Even after seven centuries that saw Christian society change radically, The Divine Comedy continues to be admired throughout the Church for its genius portrayal of a life that begins in sin and misery, strives to do better, and ultimately finds rest in Love. It is difficult to find a better endorsement for an author than to have the Pope call you a "prophet of hope" when your poem sets a few Popes on fire.
Although he reaffirms his respect for the Papacy and the Church's authority, Dante spares no venom when cutting down the corruption in the priesthood and religious orders, and has no problem using the Saints as mouthpieces for the sake of this condemnation.
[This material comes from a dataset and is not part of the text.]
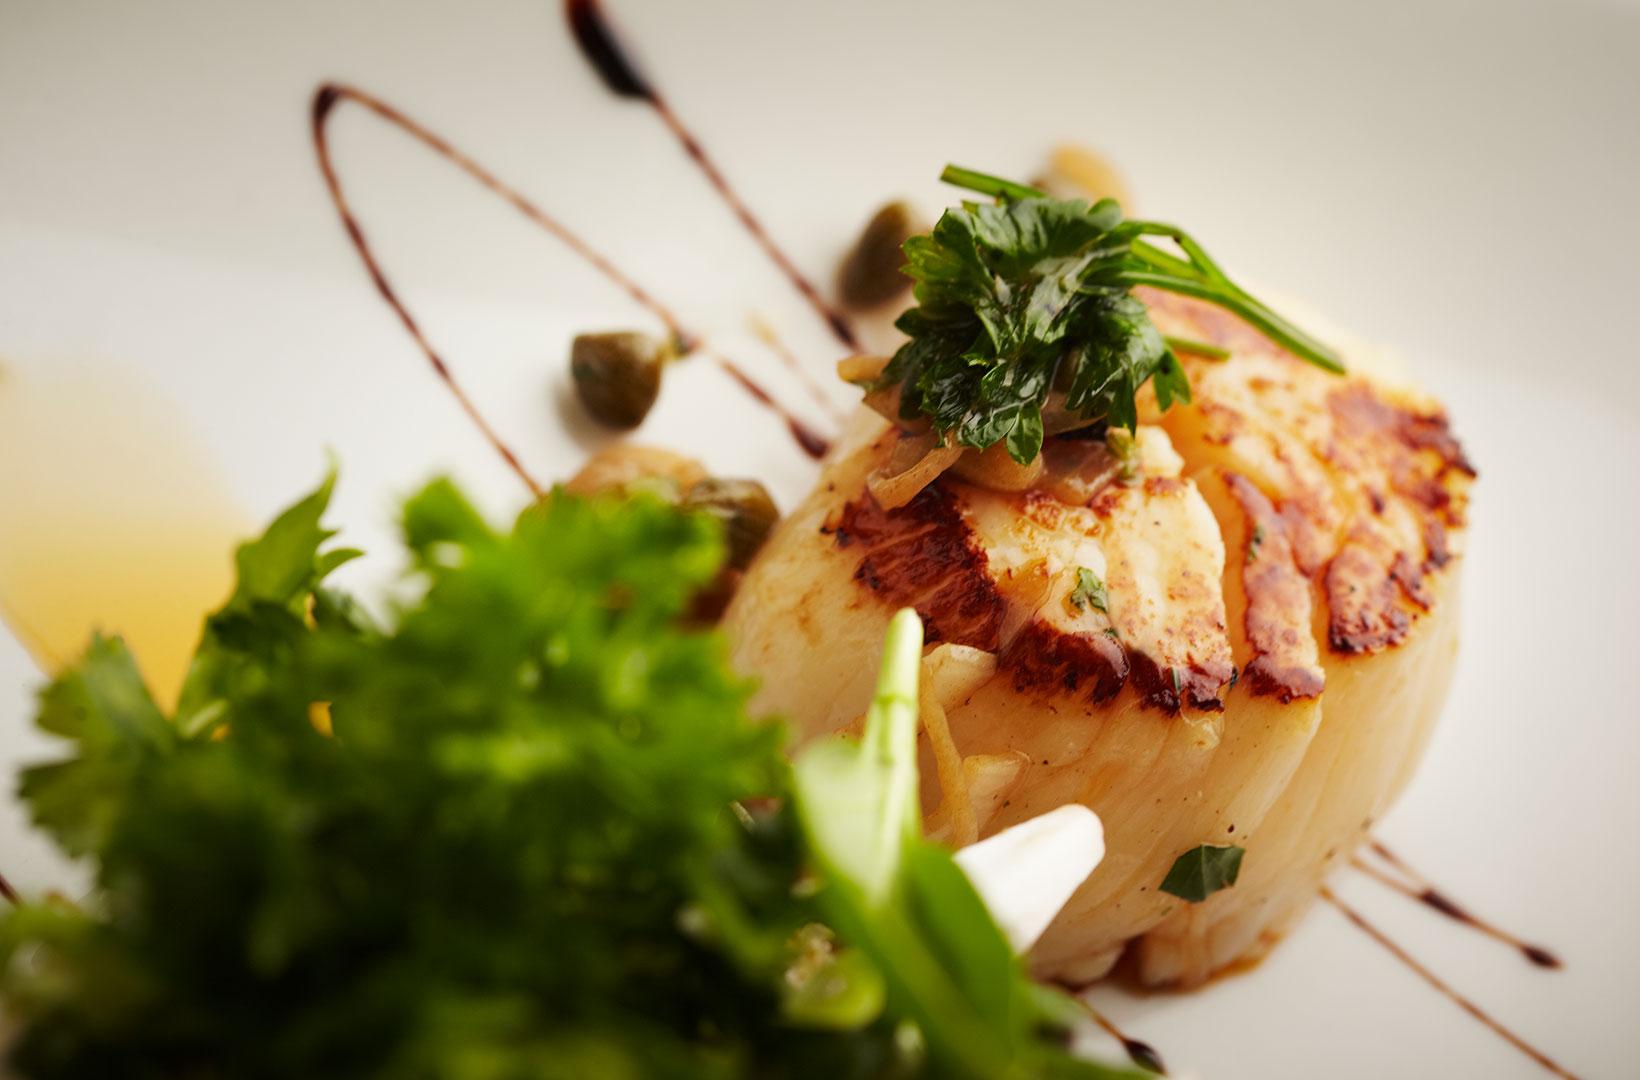 Dining_BG_02.jpg

Hearing this from the greatest Catholic poet of all time earned the work special appreciation from the Protestants who sought to reform the Church and those struggling with faith in the wake of the clergy sex abuse scandal.
What an Idiot!: Virgil is told by the Always Chaotic Evil devils damned in the circle for Consummate Liars that the bridge out of their circle has been destroyed and that it is now impossible to move on past this shortcut the devils know. You'd Expect: That Virgil would be ignore the literal demons and take the path God has lined out. Instead: Virgil takes the devils advise and goes their way. The Result: The devils attempt to kill Virgil and his charge, forcing them to jump out of the circle down into the pit of the hypocrites, who make fun of Virgil for not sticking on his original path.